We soaked up the sun and I started to count the ducks while our new friend told us of how the Lord had found her a house in Riverside (a neighborhood of East Providence). She found a description of it in the Bible (overlooking water, two hills (mounts of olives), etc.) and told her realtor to look for it. The realtor was skeptical. Boy was he surprised when the exact house she described came on the market and her old house sold immediately. Not only that, the price was right. Nancy asked if the realtor had become a believer. She didn't really answer that but told us another story of an even more spectacular miracle - she had cured herself of breast cancer through prayer. We listened with ears wide open. I tremendously respect people with that kind of faith. This woman was straightforward and sincere and absolutely unshakable in her faith. I could see it in her eyes. After our conversation, we said our goodbyes and she got in her car to leave. A few minutes later, she got back out of the car and brought us each a copy of a prayer that she described as "special". At the bottom of the page were spaces to sign and date your acceptance of Jesus Christ as your personal savior.
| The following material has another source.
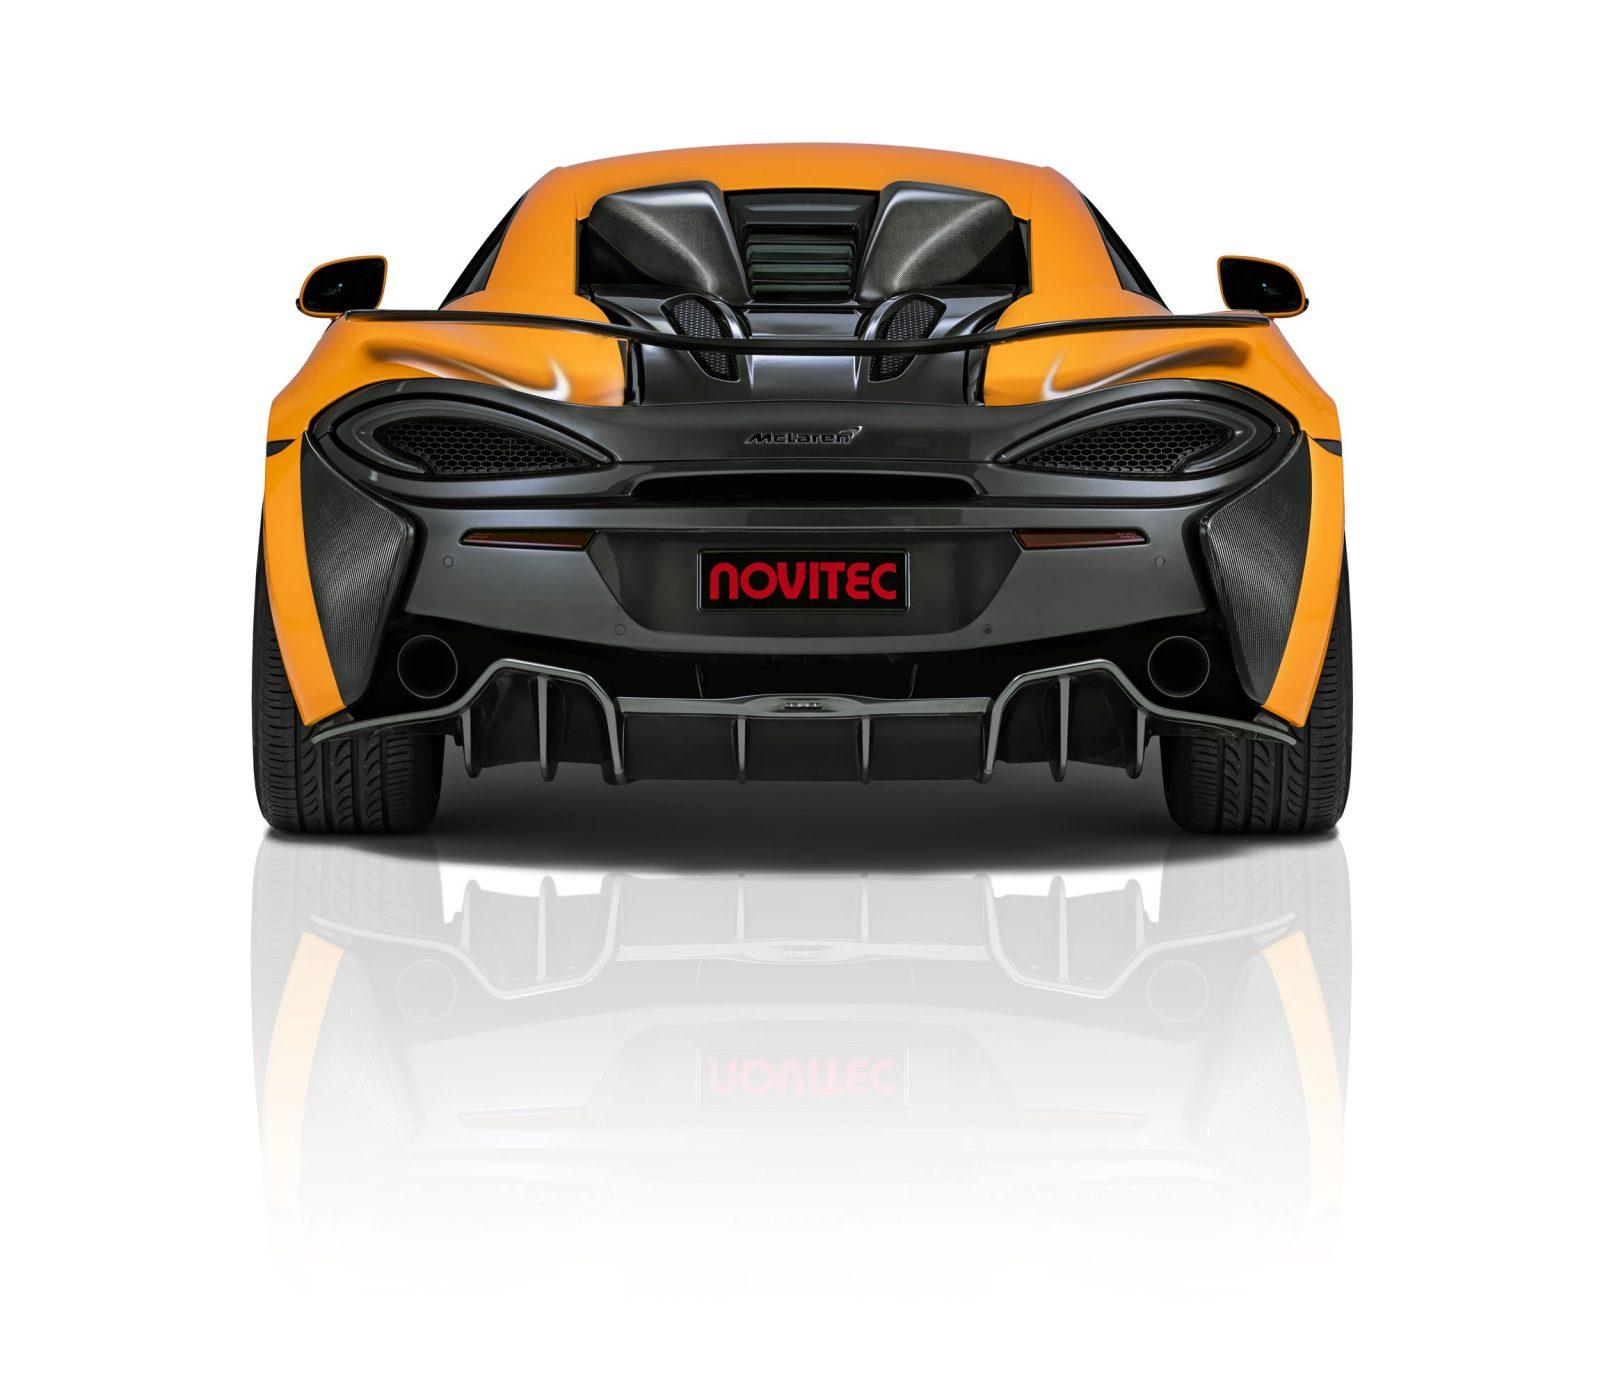 2017 Mclaren 570s Camshaft: 2.9s, 646HP 2017 Novitec MCL57 McLaren 570S » CAR SHOPPING

And now, back to the ducks. As always, lots of 'em. Lots of breaders too after our new friend left. Whole families. Including one family who apparently came to throw rocks together - seriously. They didn't bring bread and they weren't birders. The younger son started to throw rocks at the swans, which he insisted were ducks, and the mother told him not to throw the rocks at the birds. Then she and the rest of the family joined him in throwing rocks into the water. They weren't skimming stones or throwing the rocks at anything, just busily and industriously throwing every stone they could get their hands on into the water. A couple of swans hissed at them and I was afraid one of the swans would attack the little kid, but nothing untoward happened. When they were done stone-throwing, they left.

The list for today:

13 mallards
2 domestic geese
34 mute swans
5 Canada geese (including Igor)
2 mourning doves
a zillion ring-billed gulls
3 common Goldeneye
18 buffleheads
8 American widgeons
1 killdeer
4 red breasted mergansers (2 male-female pairs)
1 common black-headed gull with the full black hood
2 house sparrows
2 starlings

Today was the first time I'd seen a killdeer at the cove. There are sometimes shorebirds at low tide (which this was) mostly the occasional lesser yellowlegs, but it's still kind of early for them.